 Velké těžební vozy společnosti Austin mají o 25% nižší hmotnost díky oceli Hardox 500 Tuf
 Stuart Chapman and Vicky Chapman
---*---
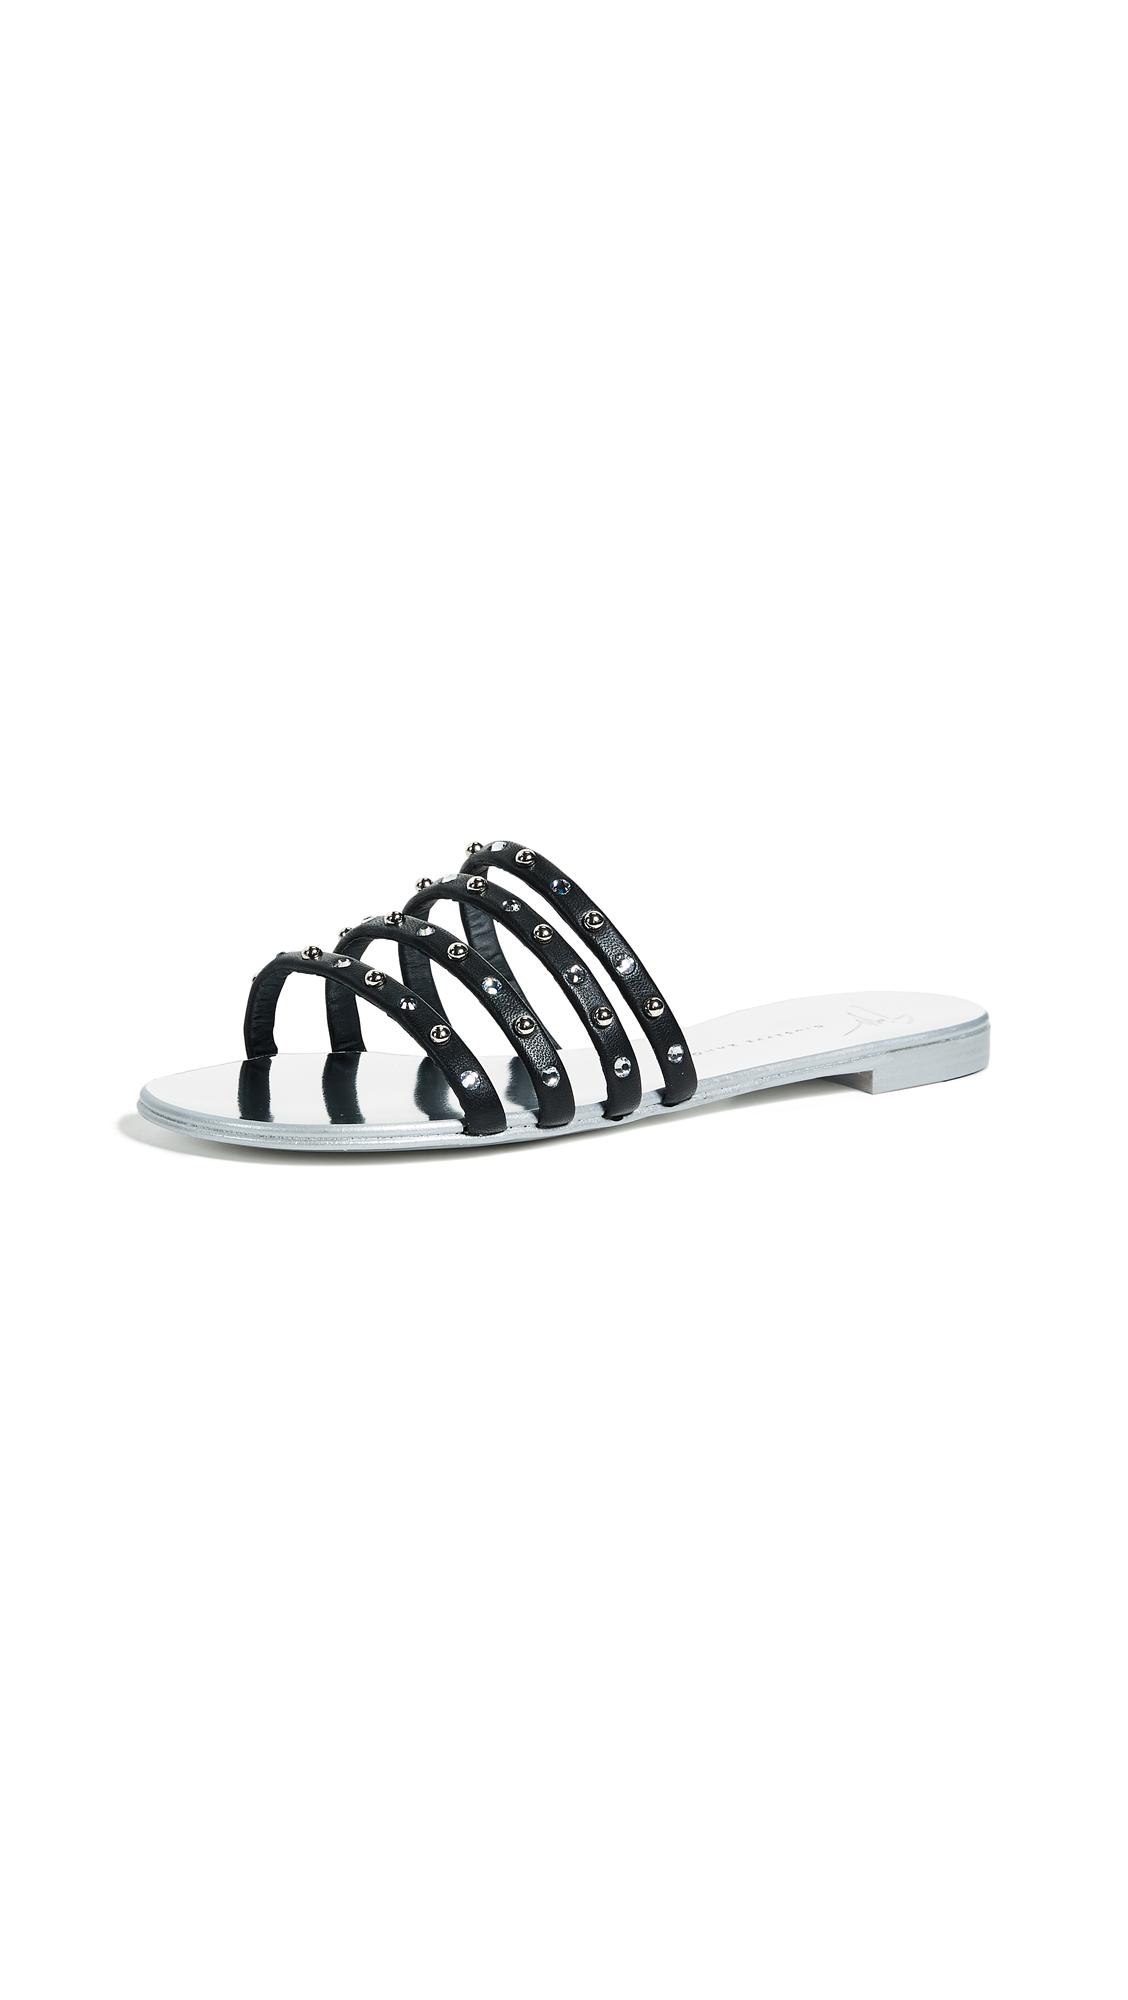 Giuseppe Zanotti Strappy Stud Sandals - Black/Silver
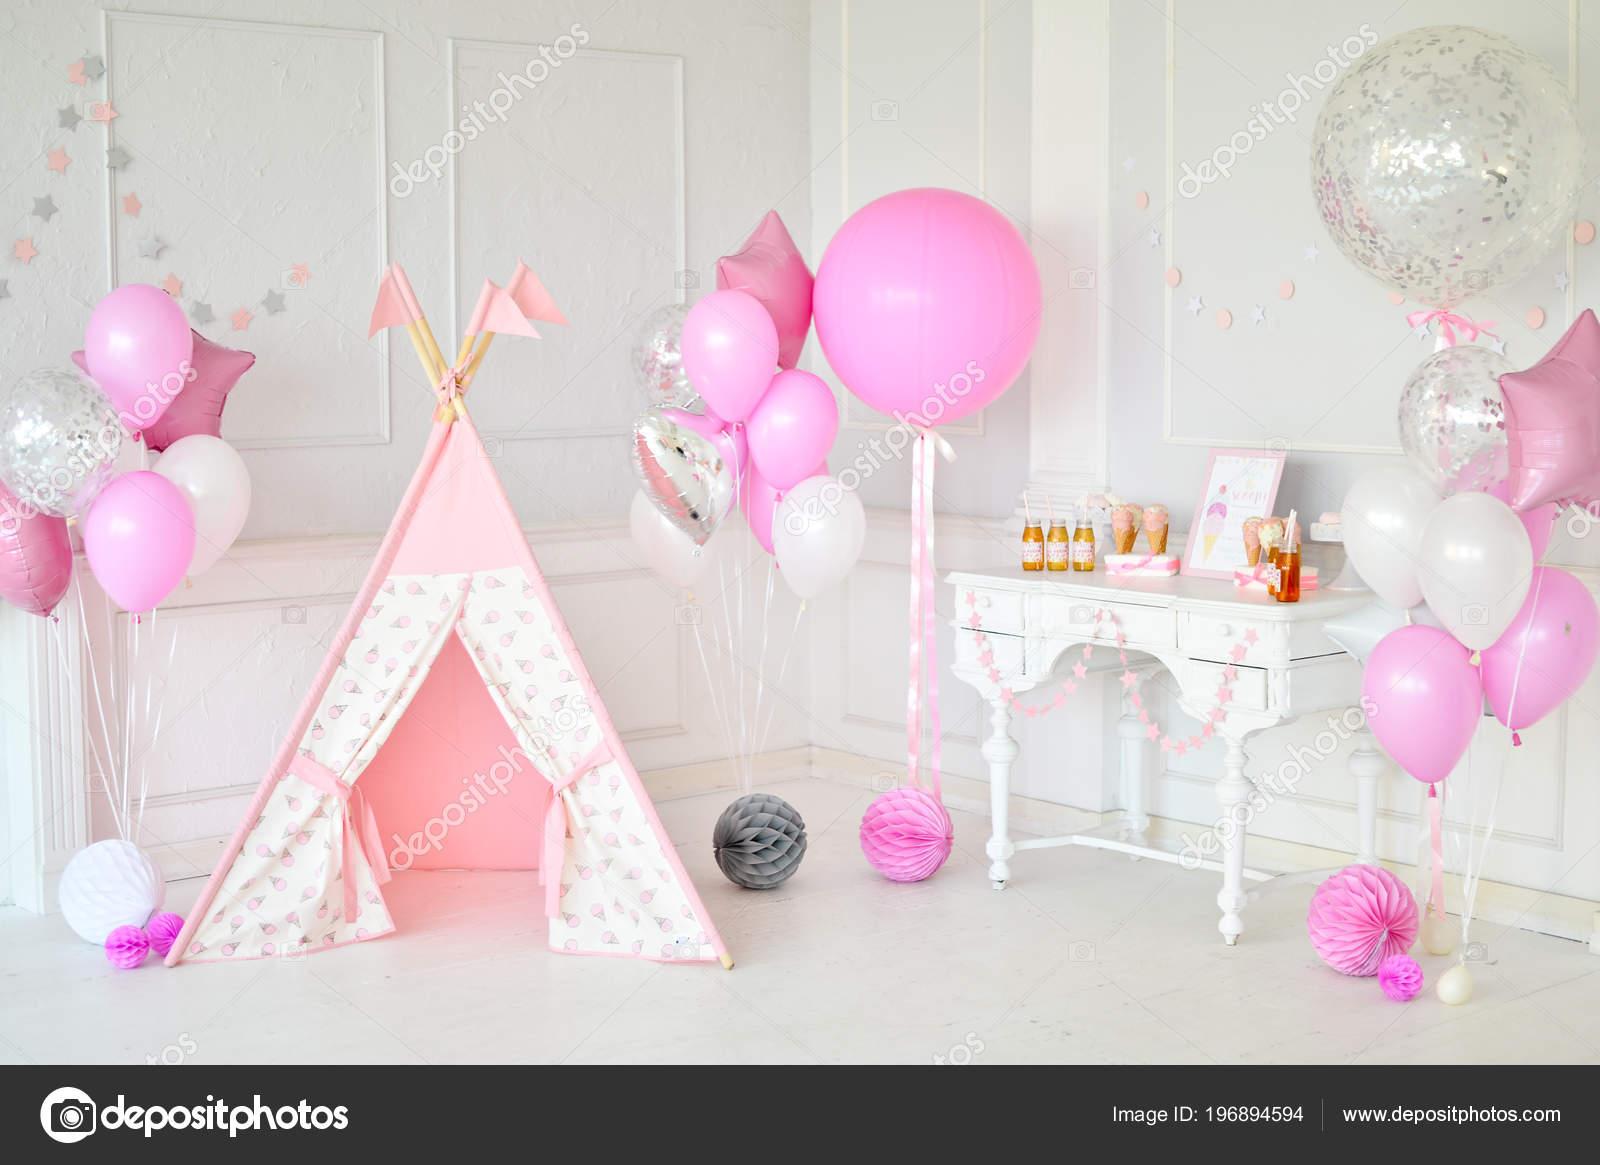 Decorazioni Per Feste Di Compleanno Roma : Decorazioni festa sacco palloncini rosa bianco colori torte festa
---*---
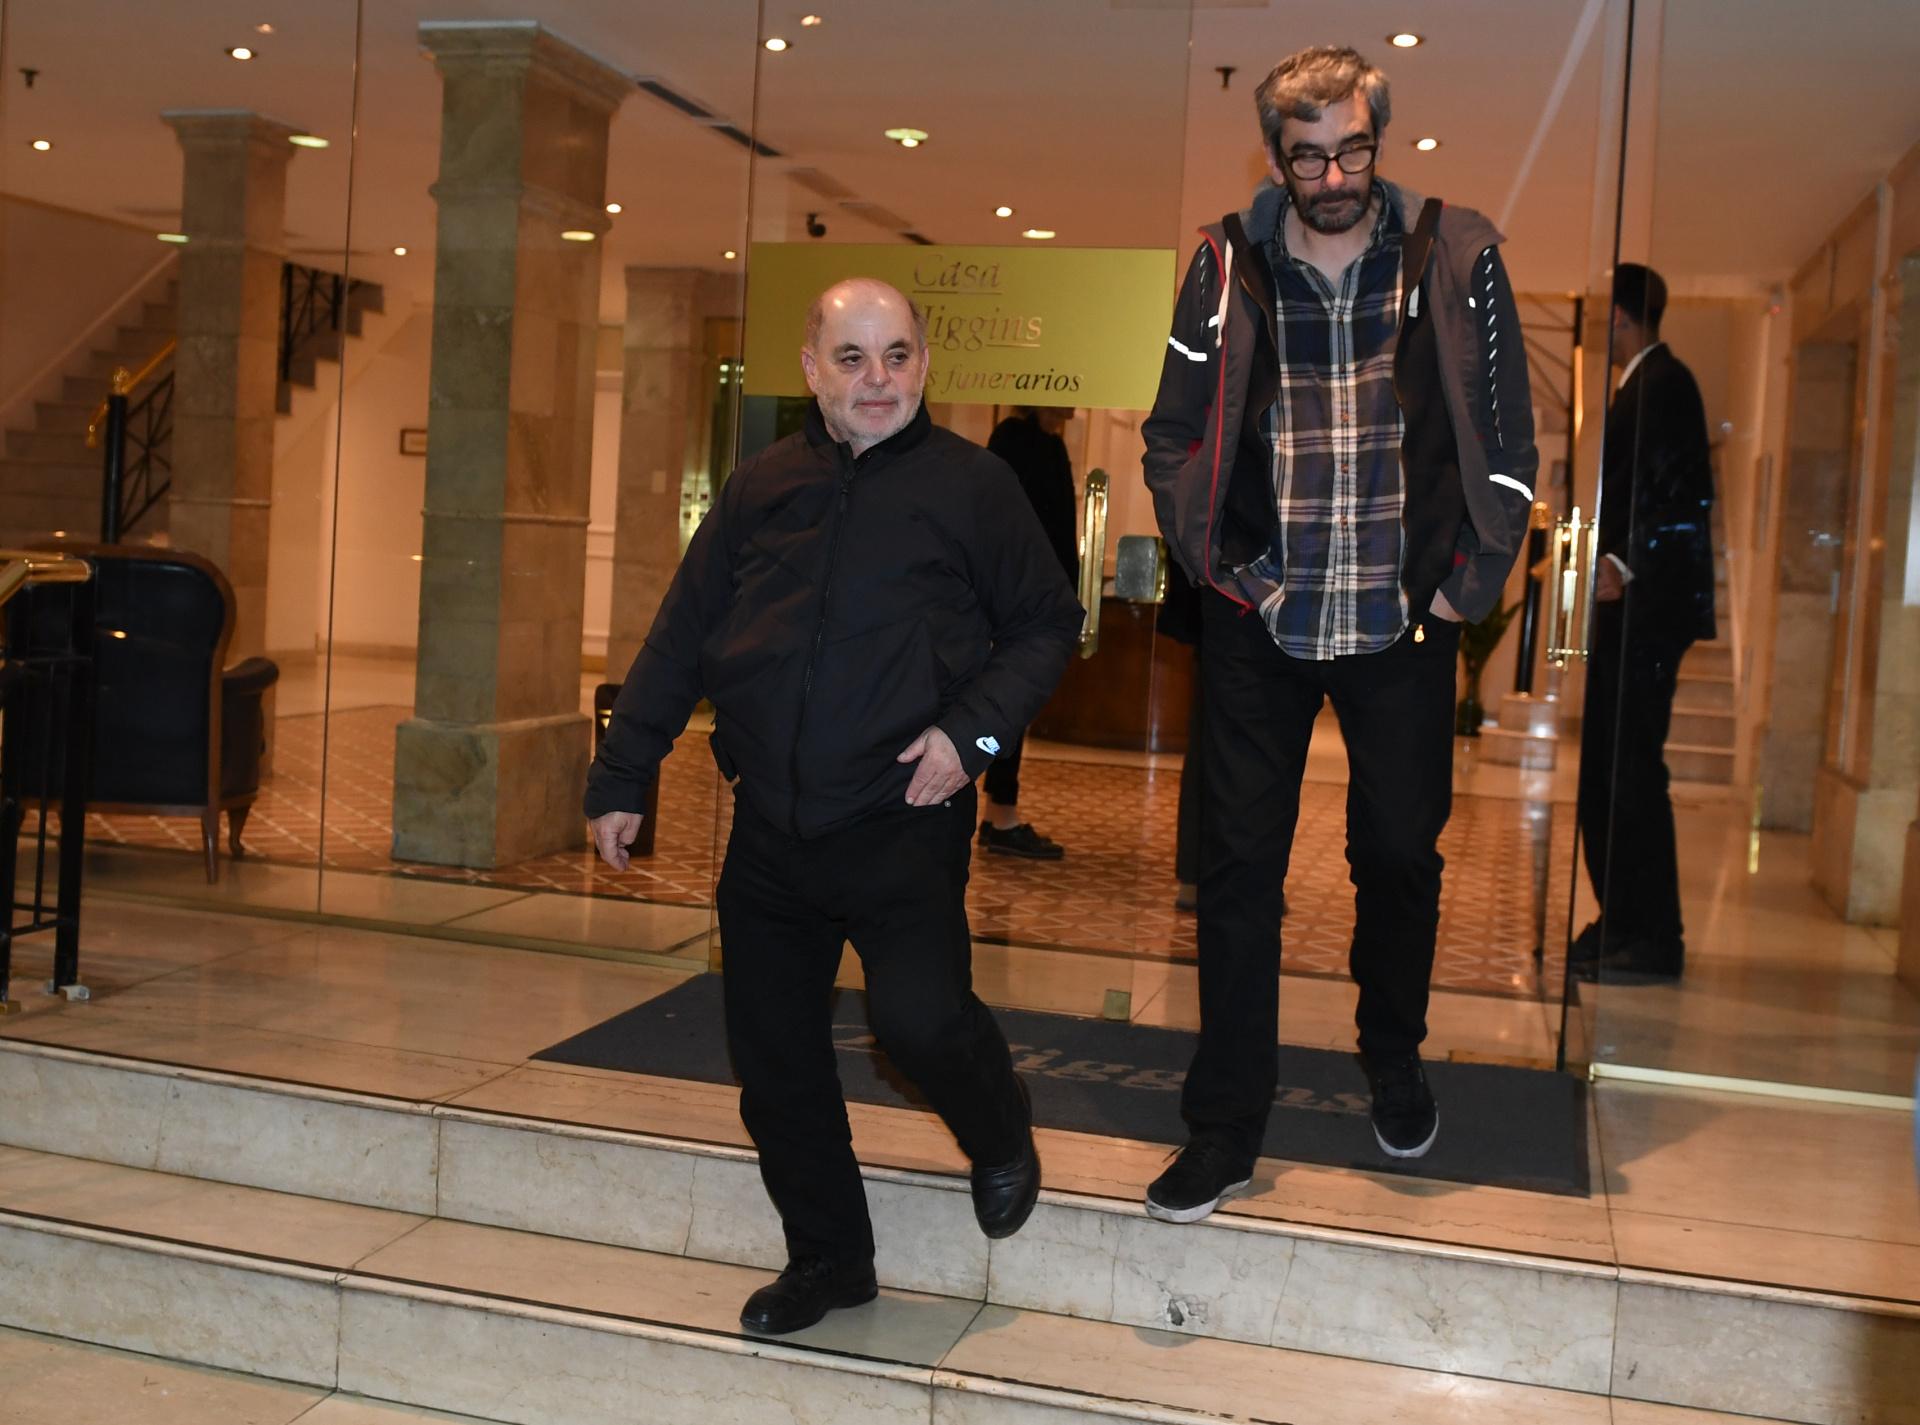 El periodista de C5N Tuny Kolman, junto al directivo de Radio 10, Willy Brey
---*---
• **EXERCISE OBJECTIVE**: Look above for the line holding "Velké těžební vozy" and the line holding "Stuart Chapman and Vicky Chapman". Retype both, and every line between them, word for word and nothing else.

• **SOLUTION TO THIS PROBLEM**:
 Velké těžební vozy společnosti Austin mají o 25% nižší hmotnost díky oceli Hardox 500 Tuf
 Stuart Chapman and Vicky Chapman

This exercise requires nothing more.